Secondo la ricerca Eures in Italia ci sono stati 2986 casi, con un incremento che ha riguardato soprattutto la popolazione maschile (+5,6% rispetto all'anno precedente). Record in Veneto con 50 casi in tre anni
Si può morire impiccati al chiodo della crisi, avvelenati ad aspettare quella manciata di soldi che ti spettano, che magari non arriveranno mai. Denunciare i creditori? I tribunali ci mettono sette anni per arrivare a una sentenza definitiva, e poi intorno ti fai terra bruciata. Ragionava così Giovanni Schiavon, e intanto telefonava ogni due o tre giorni a quei creditori che avevano allungato i tempi di pagamento di altri mesi, forse anni. Privati ma anche tante amministrazioni ed enti pubblici che non lo riescono più a pagare.Giovanni Schiavon era un piccolo imprenditore edile come tanti nella zona del padovano, giovane e affidabile, serio e molto professionale: era proprietario della Eurostrade di Vigonza. Si è ucciso non per i debiti ma per i crediti che non riusciva a riscuotere, aveva crediti con enti pubblici per almeno 300 mila euro. Nel nordest sono tante le storie come quella di Giovanni: imprenditori alle prese con l’aziendina di famiglia, ma anche ristoratori, artigiani e dipendenti presi a calci dal loro stesso lavoro. Così suona cinico ma realista il titolo della ricerca dell’Eures “Il suicidio in Italia ai tempi della crisi” che ricorda tanto L’amore ai tempi del colera di Garcia Marquez. Qui però di romantico non c’è nulla: secondo i dati dell’istituto di ricerche economiche e sociali in Italia nel 2009 c’è stato un suicidio al giorno per motivi legati al lavoro. Nel solo Annus horribilis della crisi mondiale e in seguito al massiccio ricorso alla cassa integrazione da parte di tante aziende, secondo la ricerca Eures in Italia ci sono stati 2.986 suicidi con un aumento del 5, 6 % rispetto all’anno precedente, un aumento che ha invertito la dinamica decrescente degli ultimi anni.

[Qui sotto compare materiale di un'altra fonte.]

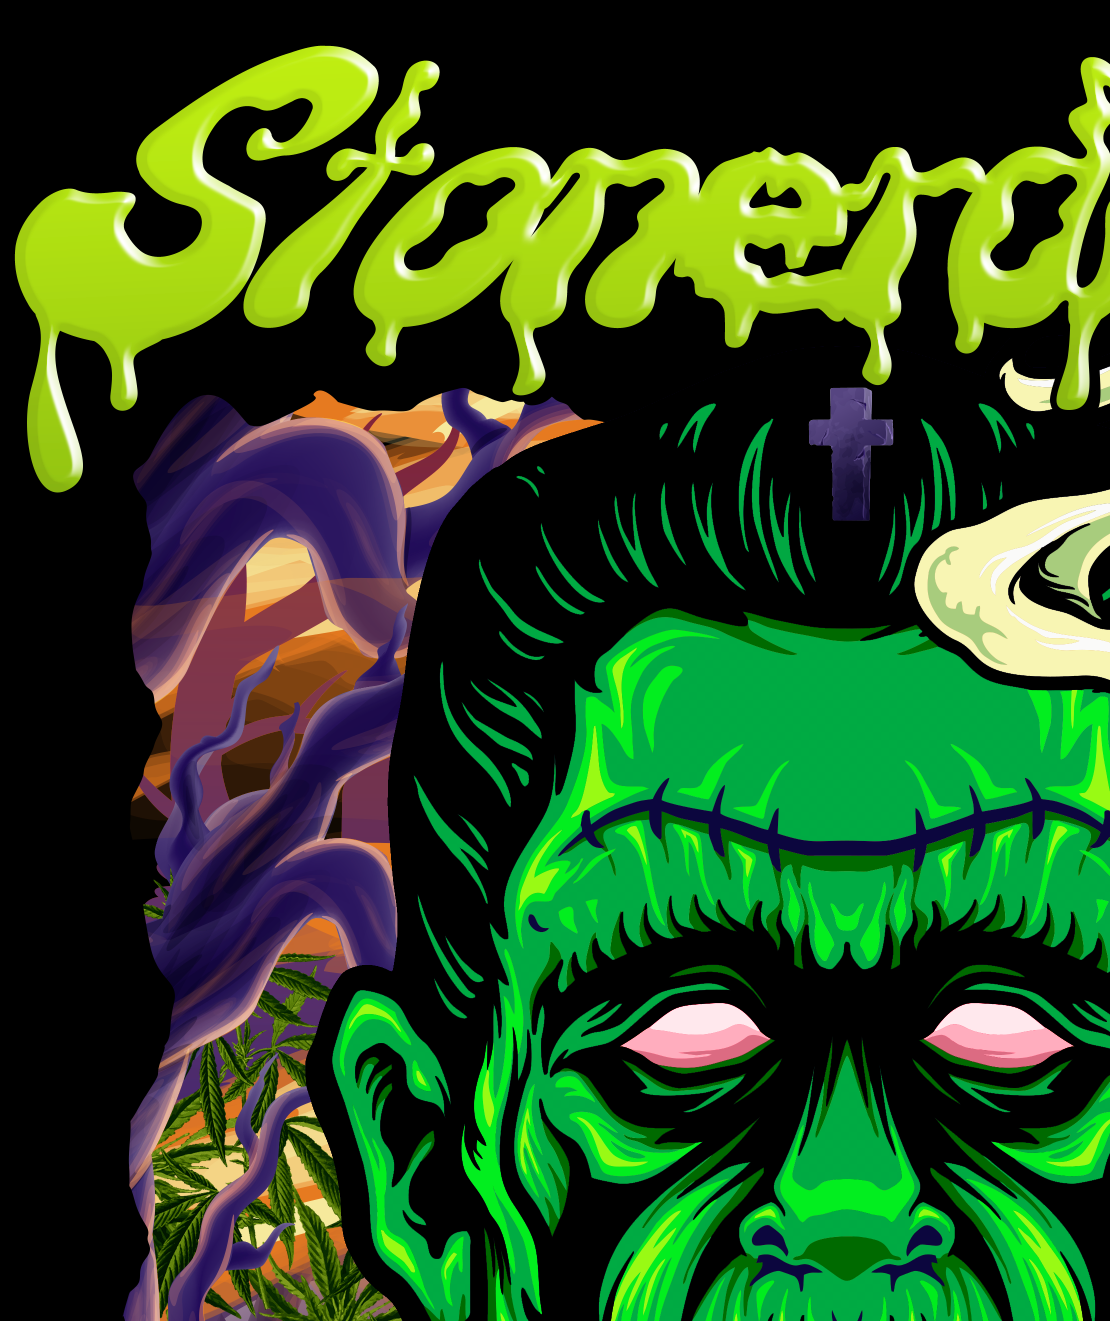 StonerDays Dankenstein Hoodie with vibrant green Frankenstein design on black background

L’incremento dei suicidi ha riguardato soprattutto la popolazione maschile (+ 5, 6 % rispetto all’anno precedente passando da 2. 197 a 2. 343) ma anche in misura minore quella femminile (+ 1, 6 % con 634 casi rispetto ai 631). Colpisce però soprattutto la forte connessione tra suicidi e crisi economica e occupazionale. Basta leggere i numeri: sono 357 i suicidi compiuti da disoccupati, con una crescita del 37,3% rispetto ai 260 casi del 2008. Nella maggior parte dei casi si tratta di persone espulse dal mercato del lavoro (272 in valore assoluto), il 76% a fronte di 85 casi di persone in cerca di prima occupazione. Un altro indicatore della connessione tra aumento dei suicidi e crisi sono i suicidi per motivi economici, che – pur con tutte le difficoltà di capire le motivazioni profonde di un gesto così assoluto – raggiungono proprio nel 2009 il valore più alto degli ultimi decenni con 198 casi, con una crescita del 32% rispetto all’anno precedente e del 68% rispetto al 2007.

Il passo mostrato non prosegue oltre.